After signing with RCA in 1955, Locklin's career took off.  In 1957, he had three songs that reached the Top 5 on country charts, beginning with "Geisha Girl," a re-release of "Pillow" (soon covered to great success by both Dean Martin and Johnny Tillotson) and "It's a Little More Like Heaven." 

But in 1960, Locklin scored his biggest hit of his career with the Chet Atkins-produced "Please Help Me I'm Falling," written by Don Roberson and Hal Blair.  The song spent a total of nine months on the country charts, including 14 weeks as No. 1.  For the recording, Chet Atkins hired session pianist Ralph Cramer, who introduced his signature "slip-note" playing style into the song.  The technique of slurring keystrokes, combined with twangy guitar, became associated with a rebirth of country music later identified as "the Nashville Sound."

"Please" became Locklin's entree to the Grand Ole Opry, which invited him to join in 1960.  He followed the song with an unbroken, 17-year string of hits, often with multiple chartings each year from 1960 through 1977.  Three songs reached the Top 10 on country charts, "Happy Birthday to Me" (1961); "Happy Journey," (1961) and "The Country Music Hall of Fame," (1967). 

Locklin's music became popular overseas, particularly in Norway, Britain and Ireland.  In 1963 he recorded an album targeted specifically for his Irish fans entitled Irish Songs Country Style.  After touring Japan with Chet Atkins, Locklin began to be credited as the performer who spread the honky-tonk sound around the world.

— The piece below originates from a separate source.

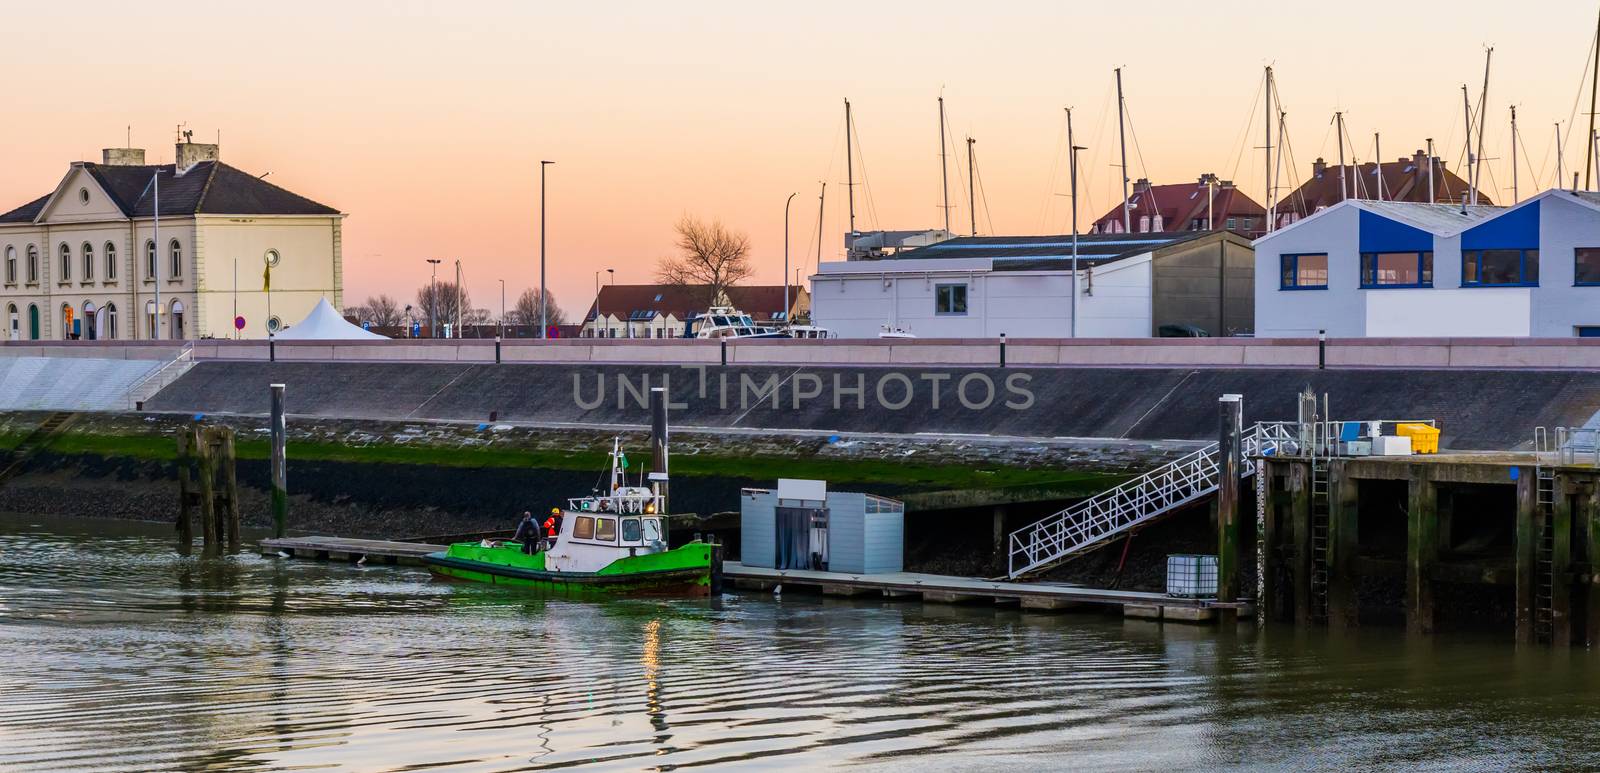 Docked boat with workers in the harbor of Blankenberge, Belgium, popular european city

Locklin stayed productive almost his entire, long life.  In 2001, he recorded Generations In Song, which included duets with Dolly Parton and Jett Williams.  An all-gospel album, By The Grace of God, followed in 2006–his 65th album.

In 1970, Locklin married his second wife, Anita Crooks of Brewton, Alabama, a town close to his home place in Florida.  Four sons and a daughter were born to the couple.   He retired to his Brewton home in 1984 and died there in 2009 (at 91) as the oldest member of the Grand Ole Opry at that time.